Les jeunes filles prennent chacune le nom d'un objet de toilette: l'une sera le peigne, l'autre le savon, l'autre le miroir, l'autre la brosse. Celle qui conduit le jeu est au milieu du cercle, debout, tandis que les autres sont assises comme dans le jeu précédent. Elle dit: Madame demande sa brosse à cheveux. Celle qui porte ce nom doit aussitôt se lever. L'autre s'assied à sa place. Celle qui est debout dit: Madame demande sa pelote. Celle qui est pelote se lève en répondant immédiatement à l'appel de son nom; et ainsi de suite. Si on se fait attendre, on donne un gage, puis on dit: Madame demande toute sa toilette. Tout le monde se lève et change de place. La dernière qui reste paye un gage, et appelle un des objets de la toilette, qui en appelle un autre, jusqu'à ce qu'on soit fatigué du jeu. Si, au lieu de la toilette, on veut en nommer d'autres, on est libre de le faire, et le jeu que l'on compose ainsi prendra un autre nom, quoiqu'il soit au fond le même. Ainsi, on peut prendre les noms de tous les objets qui composent la table à thé, par exemple, le sucrier, la tasse, le plateau, etc.

LE VOYAGEUR ET L'HÔTELLERIE.

Ce jeu n'est guère qu'une variété du jeu précédent, avec quelques légères différences dans la manière de le jouer. Une jeune fille représente le voyageur, et les autres représentent l'hôte ou l'hôtesse, la fille d'auberge, le garçon d'écurie, le cheval, la selle, la bride, l'avoine, les bottes, les pantoufles, le souper, la lumière, le feu, le lit, etc. Tous ces noms se rapportent soit au bagage d'un voyageur, soit aux choses dont il peut avoir besoin dans une auberge.

Quand toutes les personnes nommées sont assises, le voyageur entre et dit: «L'hôte, puis-je avoir ce soir un bon lit?» L'hôte et le lit se lèvent aussitôt. Ensuite le voyageur dit: «L'hôte, je voudrais avoir une bouteille de vin et de la lumière.» Enfin il a soin de demander tour à tour les objets dont les noms ont été donnés aux jeunes filles qui doivent se lever sans se le faire dire deux fois, sinon elles doivent un gage, et le voyageur en donne un aussi quand il demande quelque chose qui ne se trouve pas représenté par un des joueurs.

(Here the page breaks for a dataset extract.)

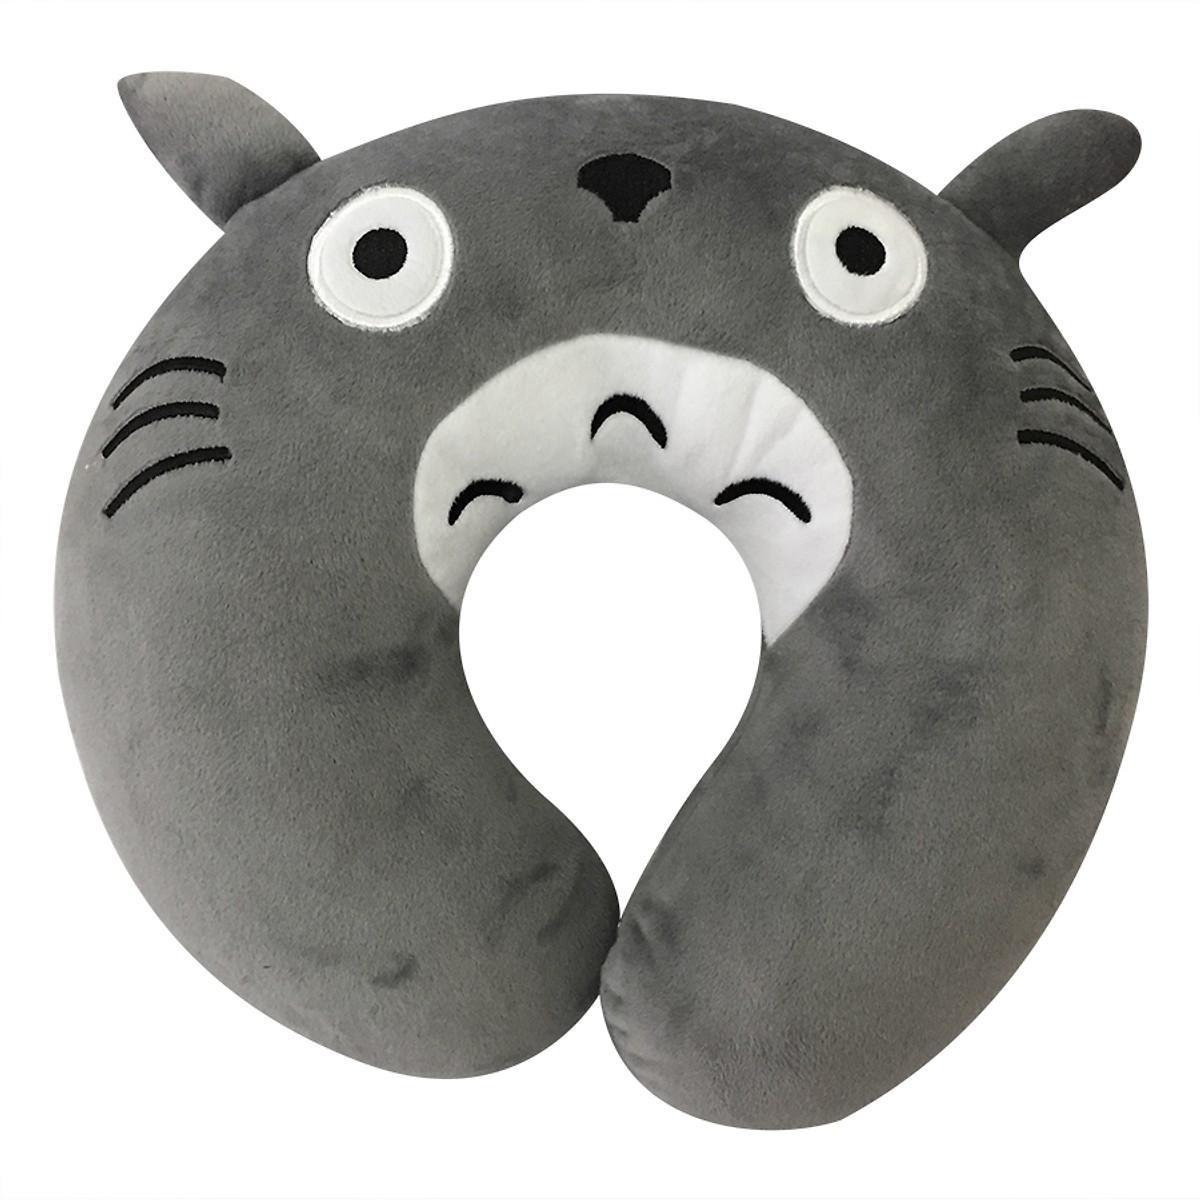 Đánh giá chi tiết Gối Cổ Chữ U Totoro

Il faut que celle qui fait le rôle du voyageur mette beaucoup d'entrain et de mouvement dans le jeu qu'elle dirige.

LES QUATRE COINS.

Il faut être au nombre de cinq pour ce jeu bien connu. Chacune des jeunes filles prend une place à l'angle d'un carré. Celle qui reste au milieu s'appelle le nigaud. Les quatre autres changent de place, et le nigaud doit s'efforcer de prendre une des places restées vides. S'il réussit, c'est la personne dont la place se trouve prise et occupée qui devient nigaud à son tour.

LES VOISINS.

On s'assied en rond à une certaine distance les unes des autres. Il y a une personne au milieu, qui vient demander si l'on est content de ses voisins. A la réponse affirmative de la personne interrogée, tout le monde change de place comme dans la Toilette de madame, et la personne qui est au milieu tâche de se mettre à une place restée libre dans ce mouvement général. Si la réponse est négative, on désigne ceux qu'on désire avoir pour voisins, et les personnes désignées sont obligées d'aller prendre les places des voisins exclus. Dans cette permutation, qui se fait le plus rapidement possible, la personne du milieu tâche de s'asseoir quelque part.